All active tokens become invalid after a key rotation — agents must re-authenticate.

1. Generate a new RSA-2048 key pair:
   ```bash
   openssl genrsa -out new-private.pem 2048
   openssl rsa -in new-private.pem -pubout -out new-public.pem
   ```
2. Update `JWT_PRIVATE_KEY` and `JWT_PUBLIC_KEY` in your deployment environment (AWS Secrets Manager, GCP Secret Manager, or `.env`).
3. Perform a rolling restart:
   - **ECS:** trigger a new task deployment — ECS drains existing tasks and starts new ones with the updated secret values.
   - **Cloud Run:** deploy a new revision — Cloud Run gradually shifts traffic to the new revision.
4. Tokens signed with the old key will fail verification immediately after all instances have restarted.

---

### Revoke All Tokens for a Compromised Agent

Suspend the agent to stop new token issuance immediately:

```bash
curl -X PATCH http://<host>/api/v1/agents/<agentId> \
  -H "Authorization: Bearer <admin_token>" \
  -H "Content-Type: application/json" \
  -d '{"status": "suspended"}'
```

This prevents any new `POST /api/v1/token` requests for that agent. Active tokens remain valid until their TTL (1 hour). To invalidate active tokens immediately, also revoke all credentials for the agent:

```bash
# List credentials
curl http://<host>/api/v1/agents/<agentId>/credentials \
  -H "Authorization: Bearer <admin_token>"

# Revoke each active credential
curl -X DELETE http://<host>/api/v1/agents/<agentId>/credentials/<credentialId> \
  -H "Authorization: Bearer <admin_token>"
```

---

### Read Audit Logs for an Incident

Query the audit log with date range and agent filter:

```bash
curl "http://<host>/api/v1/audit?agentId=<agentId>&startDate=2026-01-01T00:00:00Z&endDate=2026-01-31T23:59:59Z" \
  -H "Authorization: Bearer <admin_token>"
```

Events are returned newest-first. Audit log retention is 90 days on the free tier.

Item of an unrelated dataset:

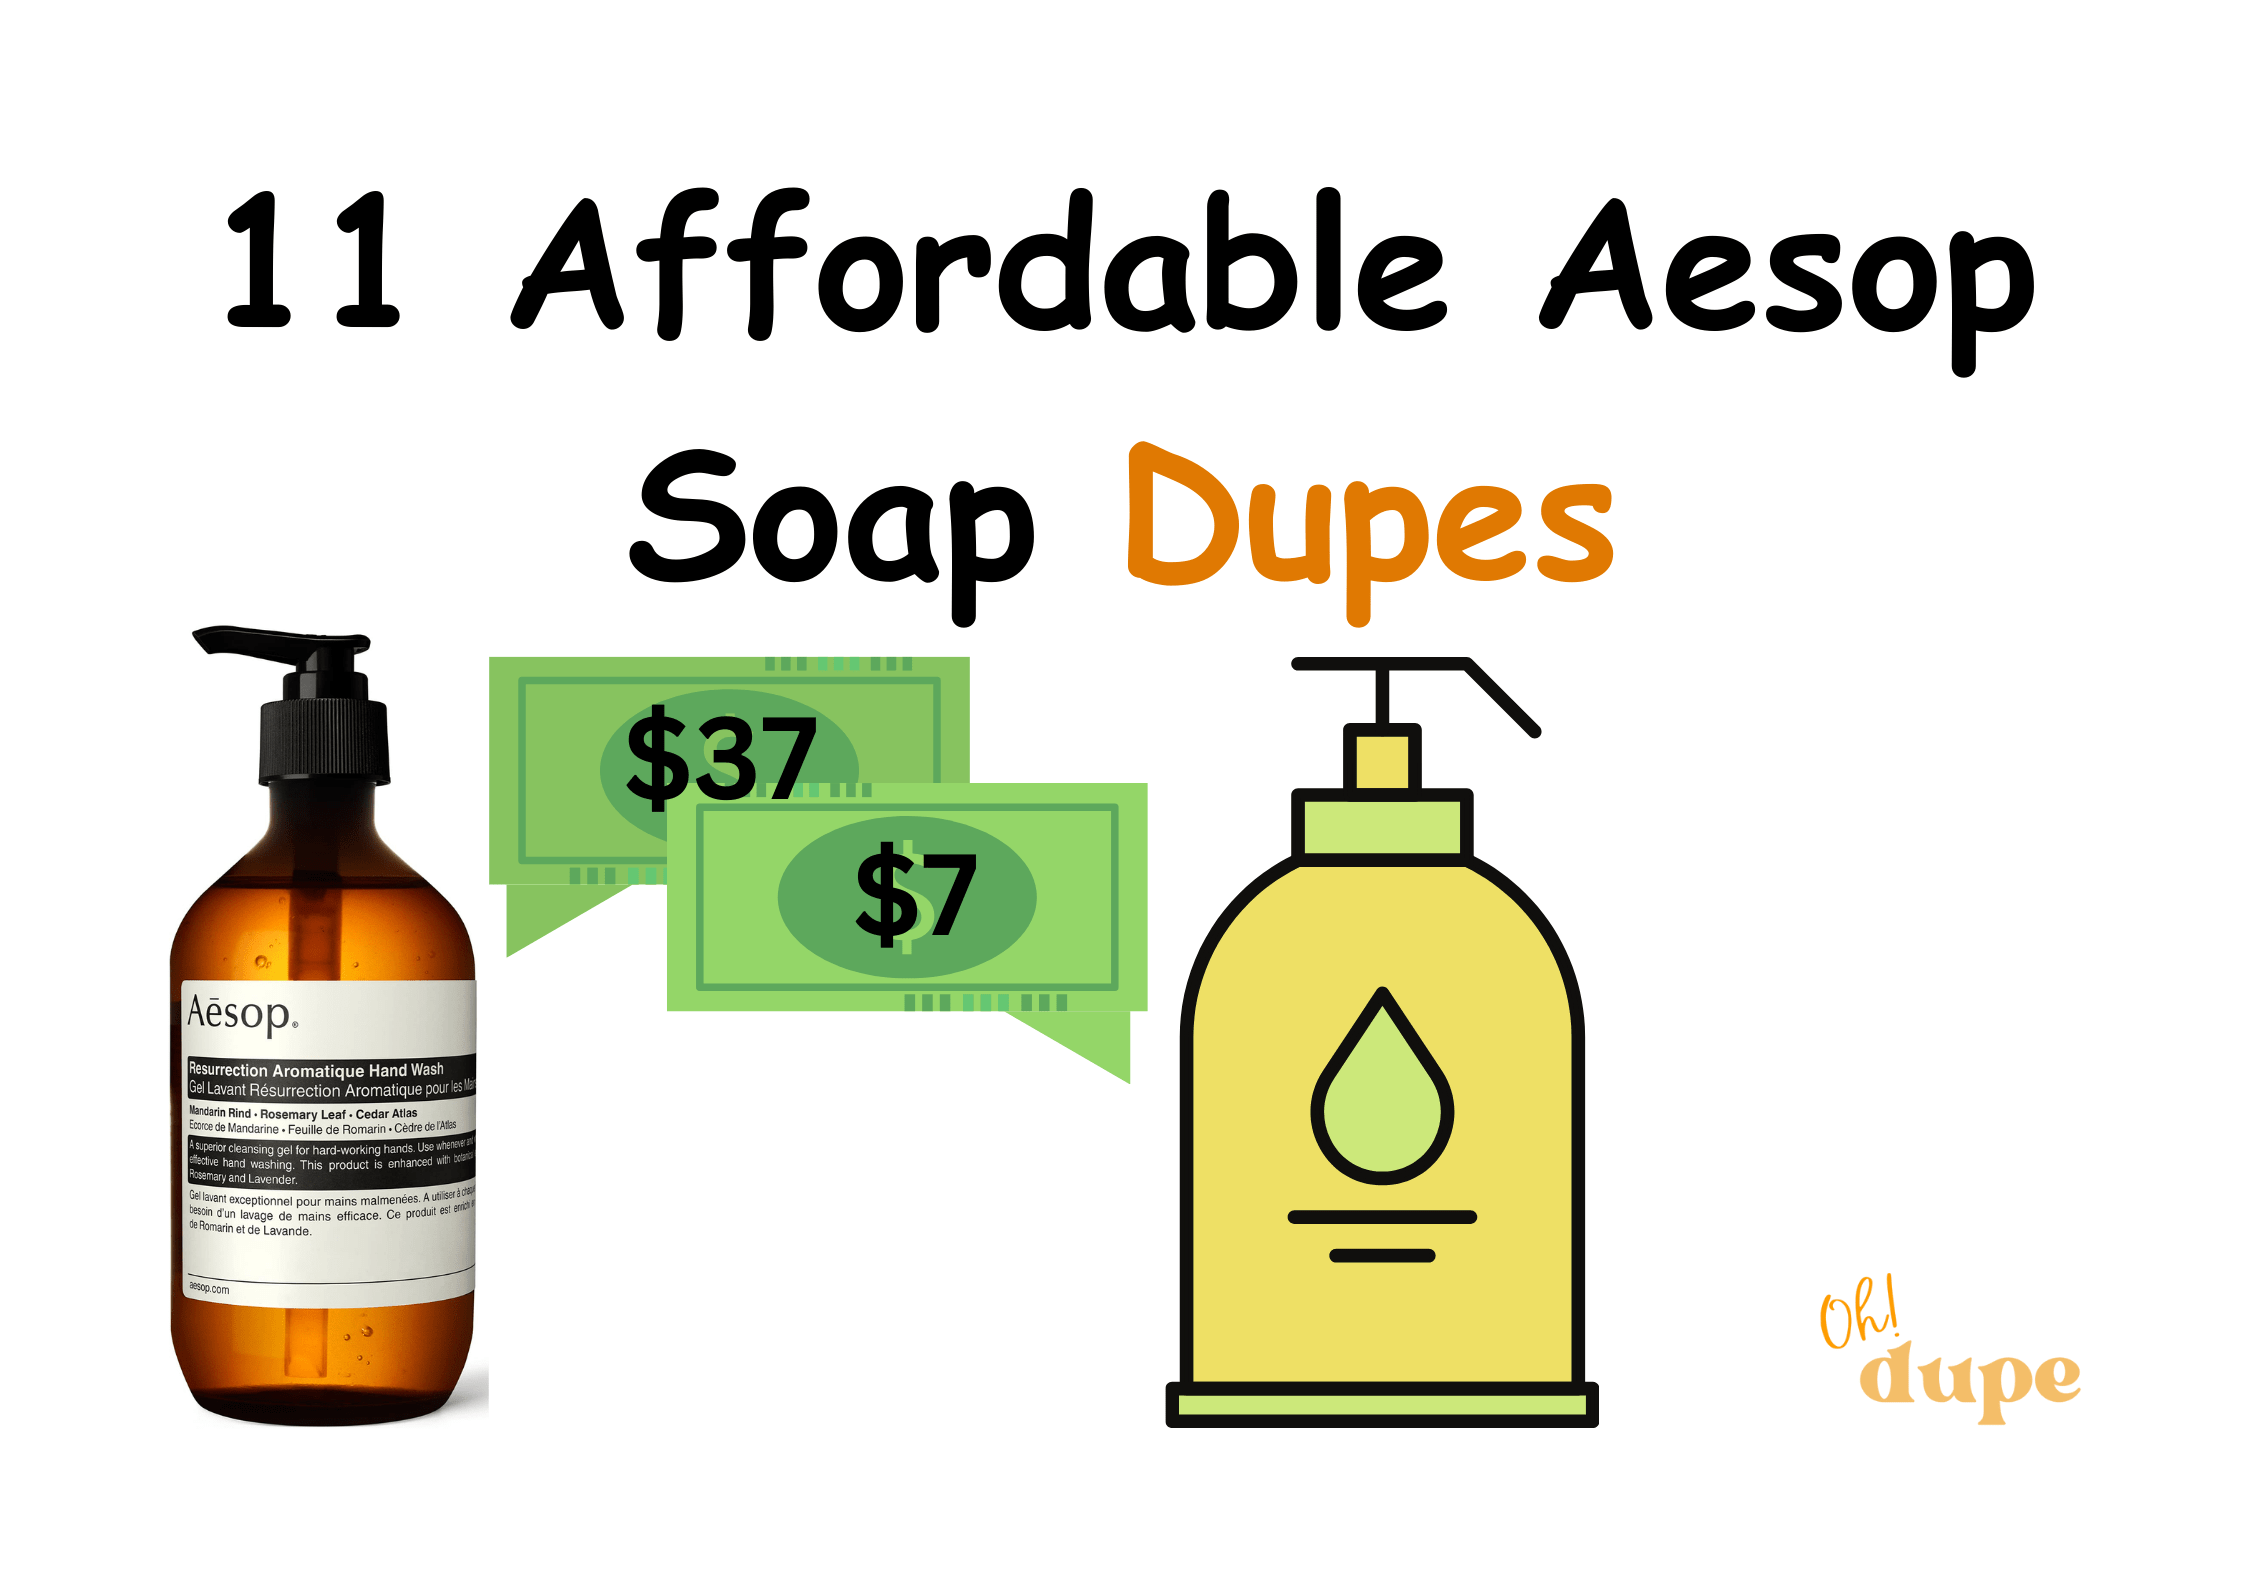 Aesop Soap Dupe

Each event includes: `eventId`, `agentId`, `action`, `outcome`, `ipAddress`, `userAgent`, `metadata`, `timestamp`.

Common `action` values: `token.issued`, `token.revoked`, `token.introspected`, `agent.created`, `agent.updated`, `agent.suspended`, `agent.decommissioned`, `credential.generated`, `credential.rotated`, `credential.revoked`, `auth.failed`.